20 April 1964 was the day that changed mine and my family’s life forever. At the time my dad was working away. During one of his calls home, my mum mentioned that she thought there was something not quite right with my eye. She said she could see a light shining from behind my eye, so they decided to take me to the doctor. I was examined by my local GP, however, he wanted a second opinion from one of his colleagues.
They believed I had a retinoblastoma – a rare form of cancer that develops in the retina.
Our local hospital confirmed this diagnosis and transferred me to Moorfields Eye Hospital in London. This all took place within three days of my doctor’s appointment and I subsequently had an operation to remove my eye. One of my clinicians wrote an article in the Lancet about my retinoblastoma. I was told that at that point in time only two people were affected by this condition – myself and a girl from Canada. The stress for my parents was immense. I had an older sister who needed to be looked after whilst my parents came to London to see me.
The day I was left in the hospital will forever be etched on my mind – a long corridor with lots of doors, walking down with my mum and dad. I remember turning into a long ward with beds on each side and a very large fish tank against the wall.
I went through to another ward where there was a long table down the middle, with cots on both sides. Behind the door was a bookcase filled with lots of toys, and a big cuddly doll thrown on the top. Quietly we went into the matron’s room and my parents left. As the door closed behind me, I realised I was now there without my parents. I cried until the matron picked me up. I looked out of the window down onto a car park searching for my mum and dad, but I never saw them. This was the beginning of my rare disease journey.
During my time in the hospital I had my right eye removed. I didn’t really know how much my life would change as this all took place while I was only two years old.
From that point onwards I would visit Moorfields Hospital regularly and had a prosthesis fitted. When I was about four my doctor said he would give me a pound if I could remove my right eye on my own. Little did he know I could already do that so off I went with the money in my pocket.

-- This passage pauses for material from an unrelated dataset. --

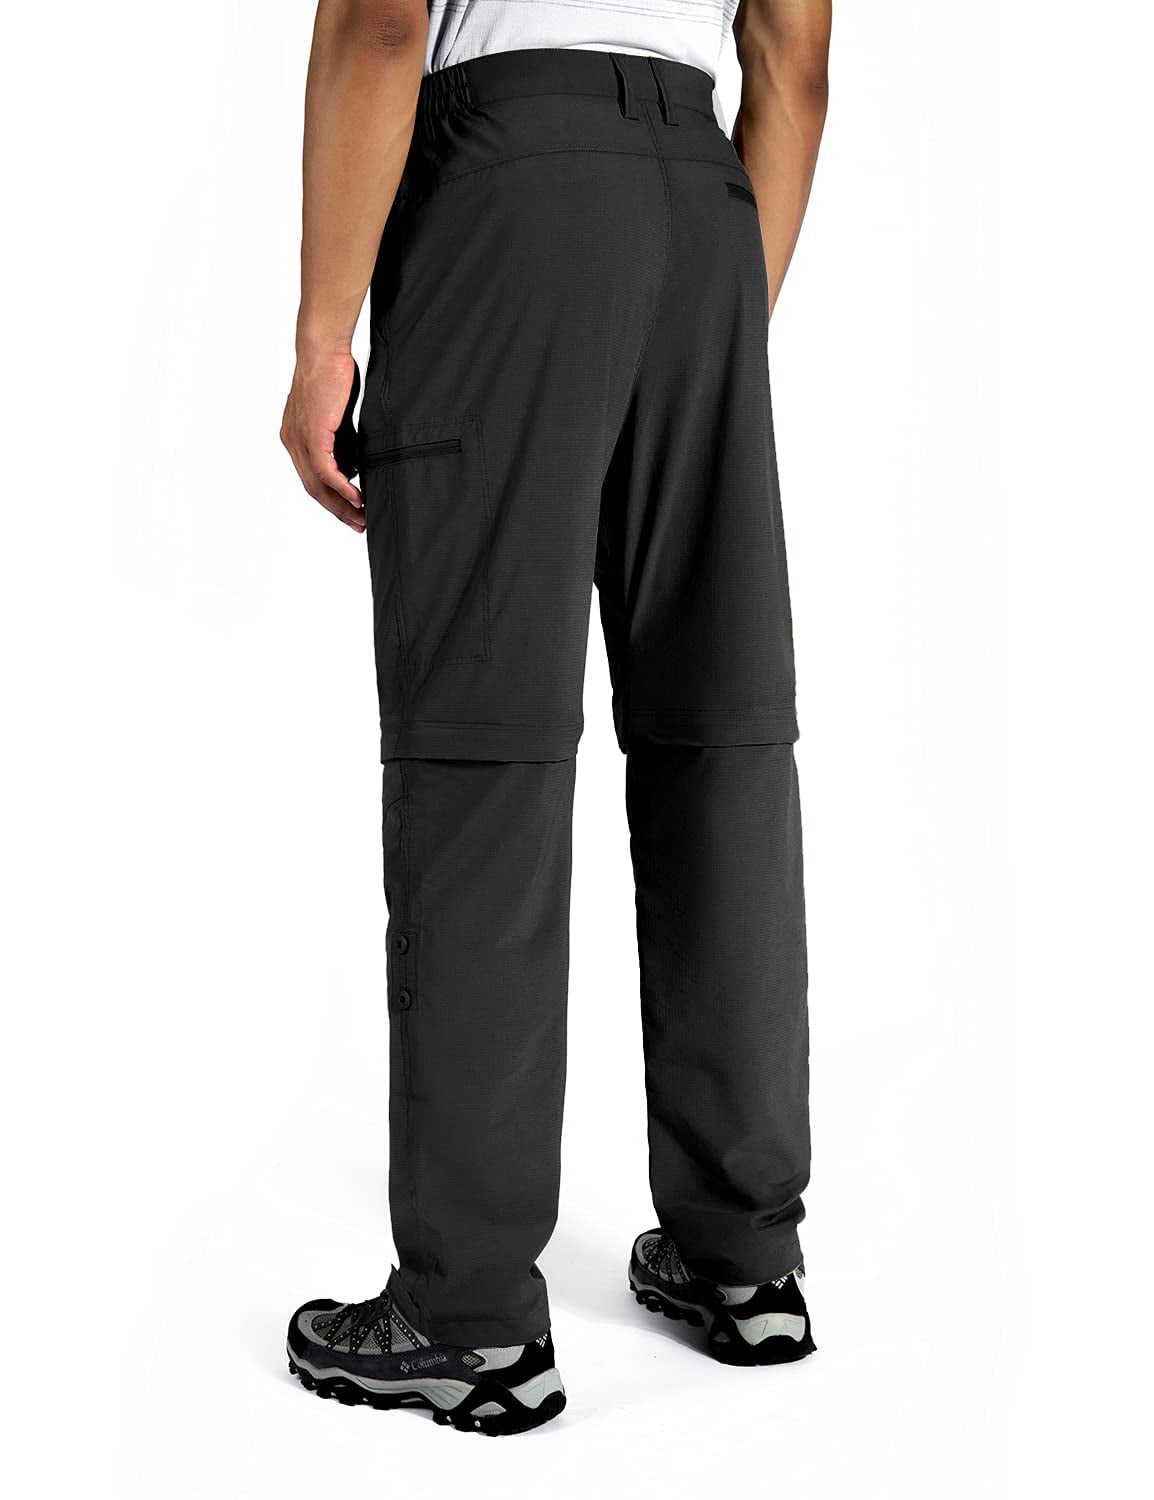 Hiauspor Men's Convertible Hiking Pants Outdoor Quick Dry Zip Off Pants  Grey Sizes S-3XL

My eyes were handmade and they used to colour them for me as well.
Every time we went to London the train would be really busy so my mum would normally carry me because no one would give up their seat. Once at Waterloo station we would rush across the road to get the 72 bus to the hospital. I remember at the hospital there would often be a wait of at least three hours. You try to keep a young child occupied for that long! I have to say a huge thank you to my mum, who I love dearly. When I was getting married and hoping to start a family I was advised that retinoblastoma was hereditary condition, and that my children would need to be screened from birth. I have to say, after this challenging start, life has been good to me. It could of been a lot worse. I am now 57 years old with two children and two grandchildren and life couldn’t be better!